The "setting up balances by date" approach provides, by the way, a quite
natural way of _dynamically_ rebalancing the system based on the amount
of data out there.
A nice rule of thumb could be to generate a checkpoint for every
month, then add a checkpoint for the present date each time the count
reaches 200 transactions, resetting to zero each time.
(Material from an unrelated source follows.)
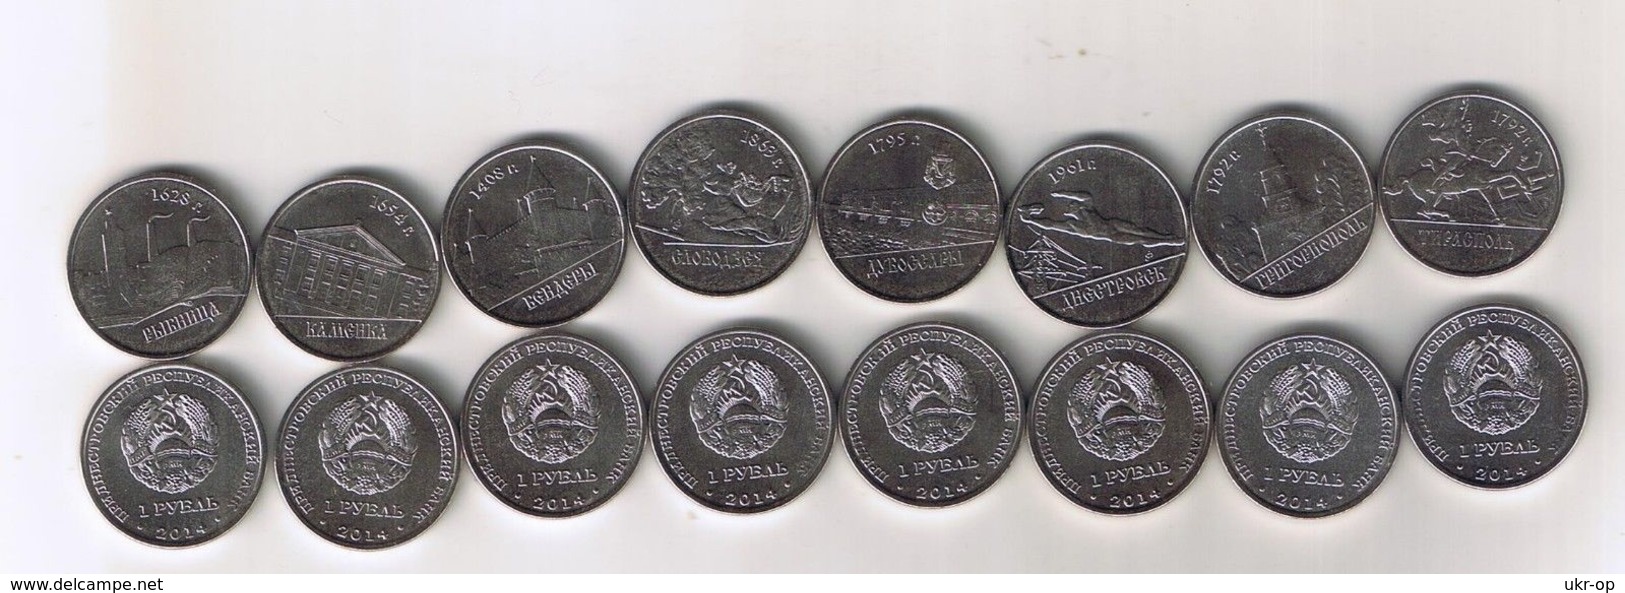 Transnistria - 1 Ruble Set 8 Coins 2014 UNC Ukr-OP - Moldavie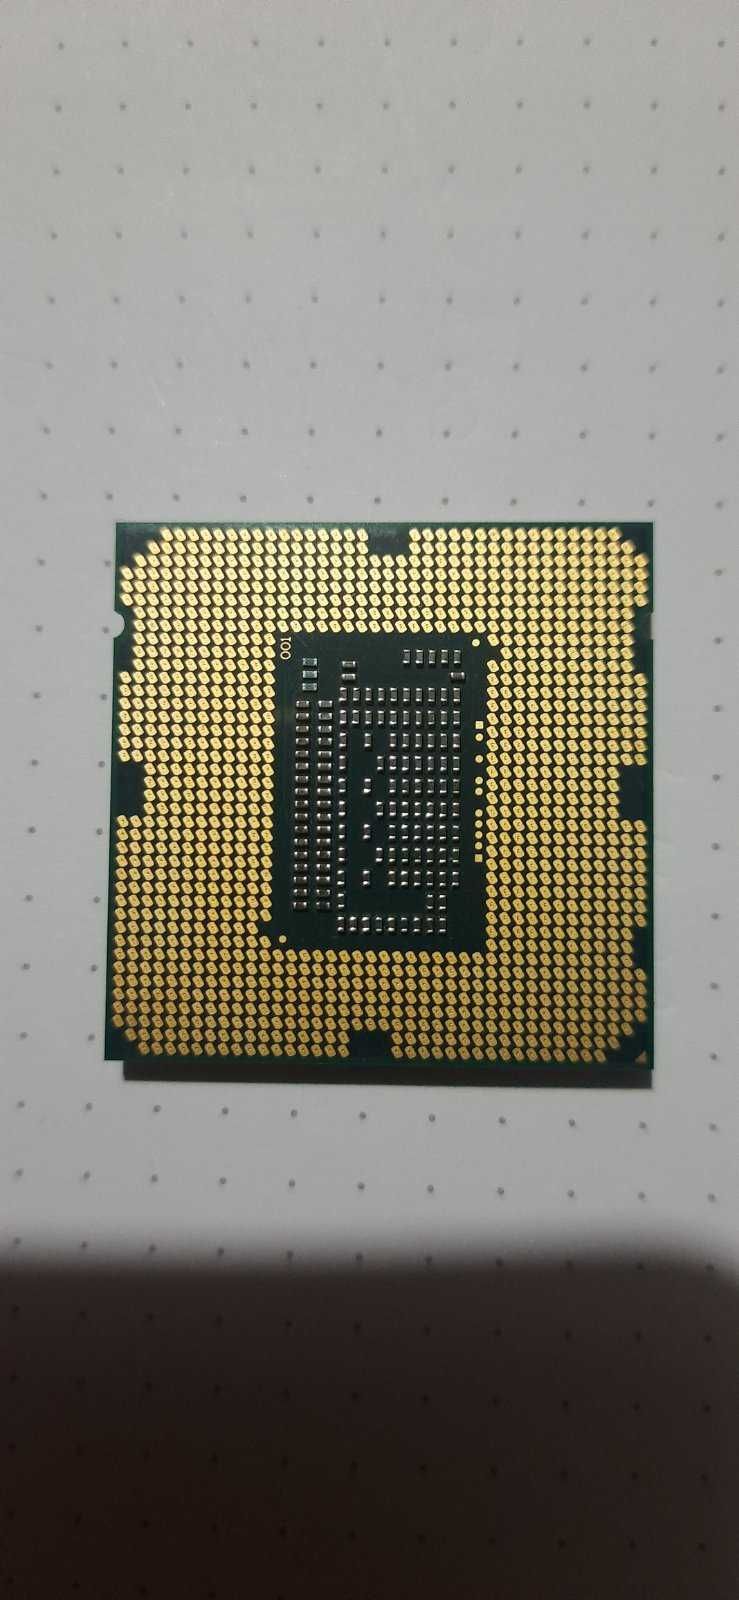 Процессор Intel i5-3470 3.2-3.6GHz/6MB tray 1155 сокет,

Of course, both
of those may be parameterized and tuned; change the count to 500 if
need be, or to quarterly, or weekly, or ...
Consider two cases:
a) Someone who generates an average of ten transactions per month.
At the start of each month, a "balance checkpoint" gets generated,
and, since they never get 200 transactions in a month, they
never get up to 200 before hitting the next month.
Behaviour here will certainly be pretty OK.
120 transactions; 12 checkpoints; no performance issue
_regardless_ of how we'd implement balance management.
b) Consider someone generating 1000 transactions per month.
Start of each month --> new checkpoint.
Then there are roughly four additional checkpoints generated.
Total for the year --> ~ 60 checkpoints across 12000 transactions.
c) Consider an enterprise with highly skewed activity.
10 transactions between January and September, then
3000/month in October-December.
--> First 9 months have 9 checkpoints.
--> Last 3 months each get split into 15 2-day chunks
Total for the year: 54 checkpoints, which supports
(90 + 3 x 3000) or 9090 transactions.
The point here is that by keeping the "balance checkpoints"
a bit dynamic, they can be used strategically to improve
performance whilst minimizing their quantity.
And as for the company for which 365 "checkpoints" in a year isn't
enough, I'm not sure there's any reasonable option to offer at
this time...
--
(concatenate 'string "cbbrowne" "@ntlug.org") <http://www.hex.net/~cbbrowne/>
Long computations which yield zero are probably all for naught.